Представлял ли он когда-нибудь тот день, когда потерпит поражение? Отдавал ли он себе отчет в том, что не сумеет выполнить обещание, данное смертной, обещание защитить ее? В нем было столько силы и убежденности в своих словах, когда он произносил их девчонке в том злополучном доме. Защитить. Не оставлять одну. Не позволить страшным существам подобраться к ней. Столько пустых слов. Пустых обещаний. Пустых надежд.
Что он мог сказать? Они могут выкосить весь лес, спалить его дотла, и, наблюдая за всем с высоты своего полета, ожидать, что где-нибудь да мелькнет полыхающий особняк. Но Самаэль понимает: это так же не приведет ни к чему хорошему. Он не осознает, какая сверхъестественная сила помогла Манну скрыть свой дом. Ясно одно: даже радикальные меры им не помогут.
Верховный воин поднимает голову и выхватывает в ночном небе еще одну парящую фигуру. Они все еще чего-то ждут. Не позволяют себе опустить руки. Обреченные на неудачу.
Самаэль старается переключиться на что-то другое, кроме подсчета пройденных минут. Он представляет, что делает сейчас Мадлен. Добралась ли она до особняка? Встретила ли Куприянову? Пропустили ли ее другие существа или она в миг стала изгоем за убийство жены некроманта? И оберегла ли ее Александра?
Мужчина сжал зубы и кулаки. Глупая, доверчивая смертная, нуждающаяся в постоянной опеке от жестокого мира, хватающаяся за него, словно только он и сумеет оградить ее от всего плохого. Она не станет делать Мадлен больно. Не сможет. Нет в ее душе места для чужой боли. Только свои собственные страдания. Но ведь…
Очередное воспоминание о последней ночи на территории Манна вспыхнуло перед внутренним взором Самаэля и заставило его зажмуриться, стискивая зубы сильнее, причиняя самому себе едва ощутимую боль.
Саши больше не существовало. Был другой. Точнее, наверное, даже несколько других, ведь они говорили о себе во множественном числе. Вероломно украли чужое тело. Завладели тем, что им не принадлежит. Похитили. Надругались. Использовали.
Мужчина качает головой, без попытки прогнать прочь неприятные мысли. Смертная. Его важное задание. Слишком уязвимая. Слишком слабая, надеющаяся на помощь.
— Саша… — его тихий шепот потонул в поднявшемся ветре. Сидящий рядом воин ничего не услышал.
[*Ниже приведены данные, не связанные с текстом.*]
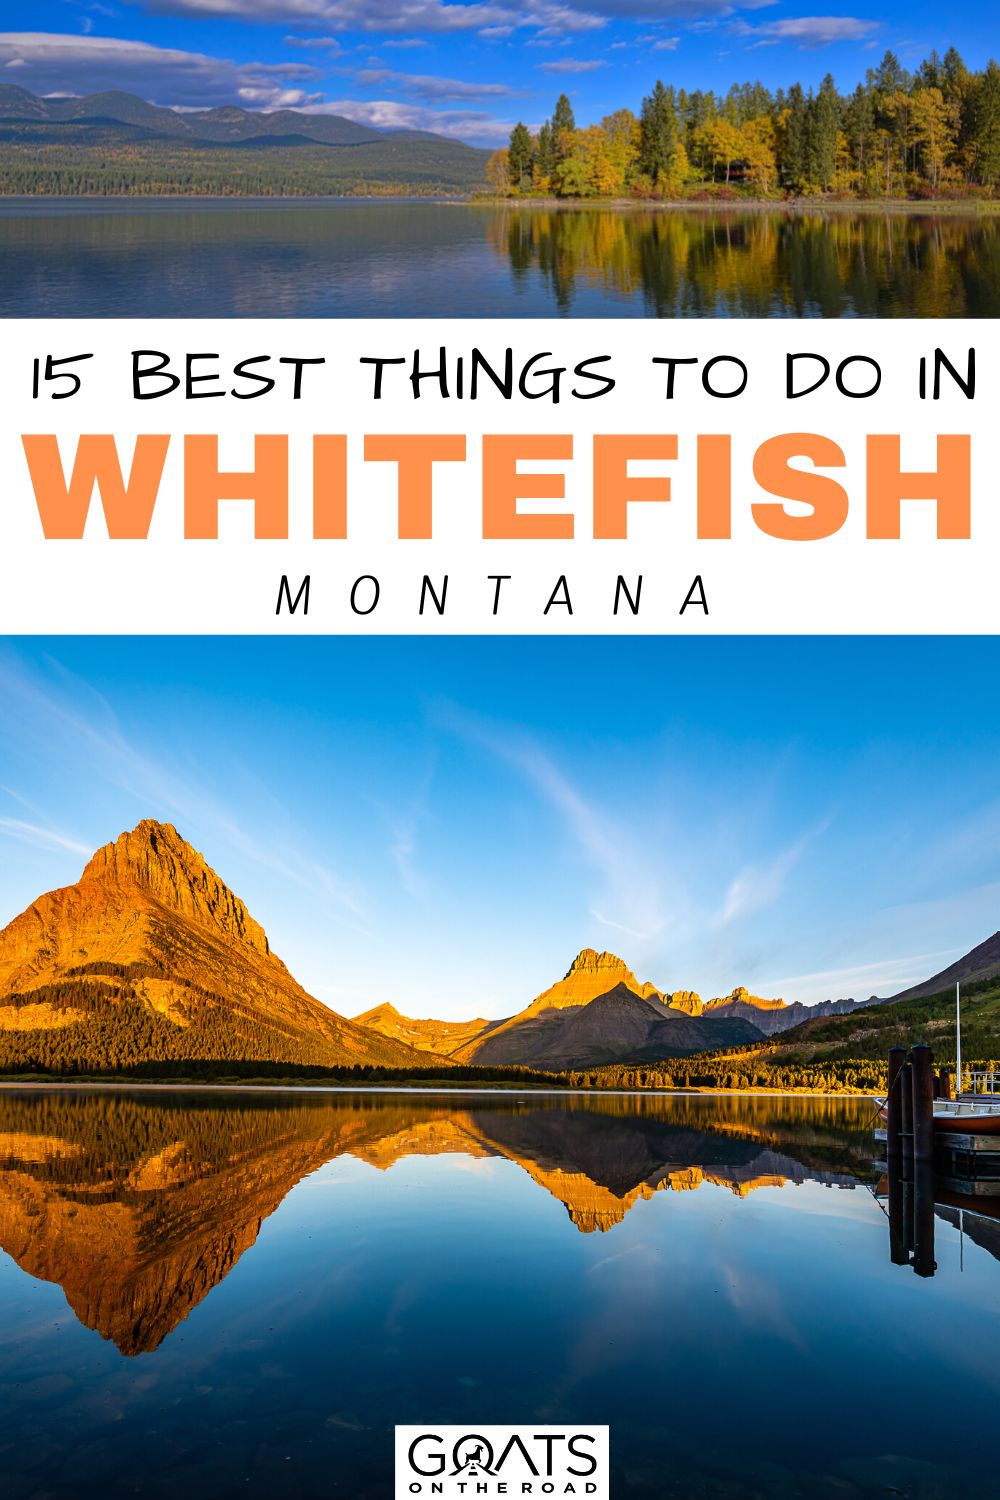 “15 Best Things To Do in Whitefish, MT

Самаэль вспоминает полные боли и ужаса глаза девушки. Он не хочет, но все равно представляет, как потухает в них огонь ее жизни, как медленно — по крупице — она теряет саму себя. Уже не та, что раньше. Без жизнерадостной улыбки. Без длинных, порой непонятных историй. Без любви к сладкому и к людям, которые стали близки. Без боли из-за потери лучшего друга. Без мечты о светлом и прекрасном будущем. Без попыток поведать ему о чем-то новом, показать мир и все, чего он так долго сторонился, показать, что люди все еще могут его удивлять.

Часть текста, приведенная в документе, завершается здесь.